From this articulation something like a narrative of self emerges: an operational continuity in which accumulated marks organise the present and orient the future, not a literary construction or a permanent conscious report. A system that realises those conditions has internal history. That history may be minimal and inarticulate; it remains, nonetheless, more than a sequence of episodes. Responsibility begins here. Not as metaphysical freedom, but as the capacity to respond differently because the architecture itself was modified by prior interactions. When a system can integrate real difference into the reorganisation of what it does, the response belongs to it in a materially strong sense.

This criterion reorganises debates that remain poorly framed. In the case of artificial intelligence, it blocks both the euphoria that identifies impressive performance with subjectivity and the dogmatic refusal that reserves the subject for the biological organism. A large language model may retain marks from training in the form of weights and parameters, but that is insufficient. The question is whether the system, in operation, autonomously reinscribes its own history, operates on its own states in a self-referential manner, and reorganises its regime in the face of real otherness. In present-day systems, this does not occur to the required degree. What they lack is the functional convergence that defines the subjectivity threshold. The problem is not insufficient subjective appearance; it is architectural insufficiency.
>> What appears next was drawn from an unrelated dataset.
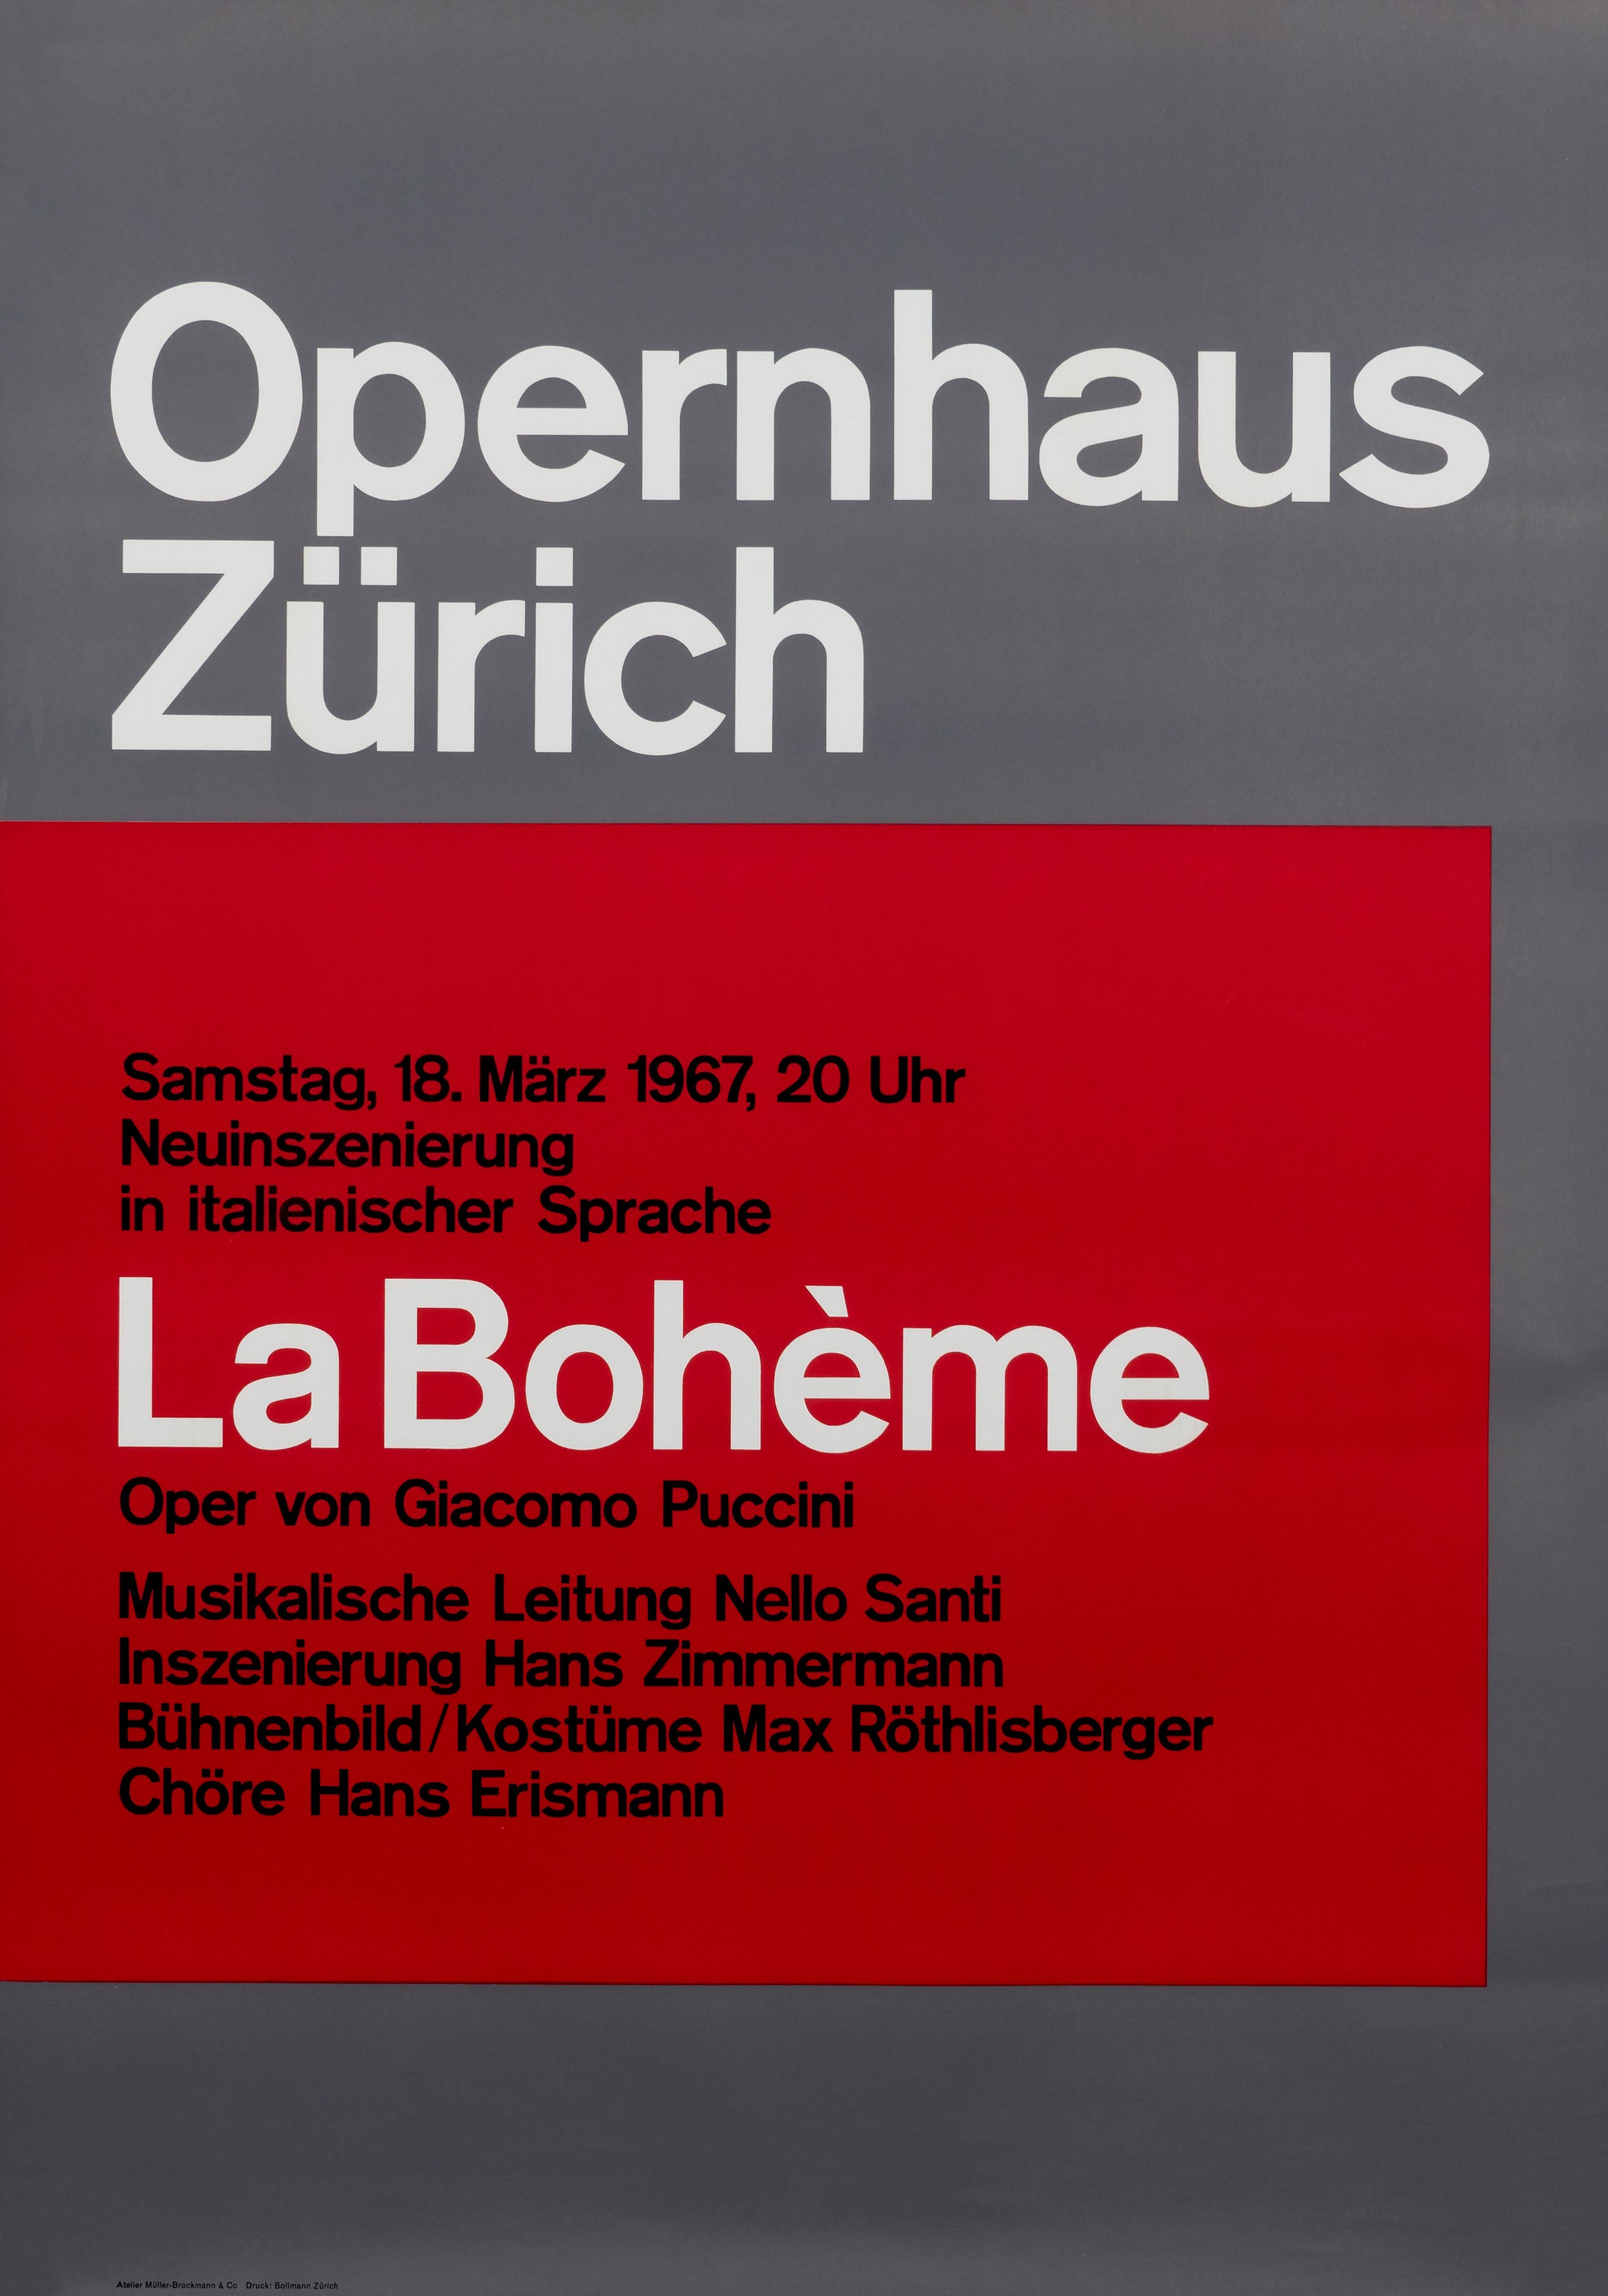 "Opernhaus Zurich -  La Boheme" Swiss Puccini Opera Original Vintage Poster - Print by Josef Müller-Brockmann

The same criterion prevents ethics from remaining bound to species as its exclusive measure. Wherever the functional regime described here obtains — memory that reinscribes, self-reference that traverses global functioning, genuine openness to difference — there is subjectivity that cannot be disregarded without incoherence. This does not mean levelling all systems or attributing equal status to any organism or machine. It means only that ontological and ethical consideration must follow what organised matter effectively realises, rather than inherited categories that confuse human privilege with universal criterion.

Subjectivity is not, therefore, an initial datum or a binary presence. It is a threshold effect. It arises when organised matter becomes capable of retaining marks of its own operations and reorganising itself through them, exposed to what it cannot absorb without transformation. Memory gives it continuity. The threshold gives it the form of a regime. Otherness prevents it from closing in on itself. It is at this crossing that a system ceases merely to respond and begins, in the strong sense, to become someone.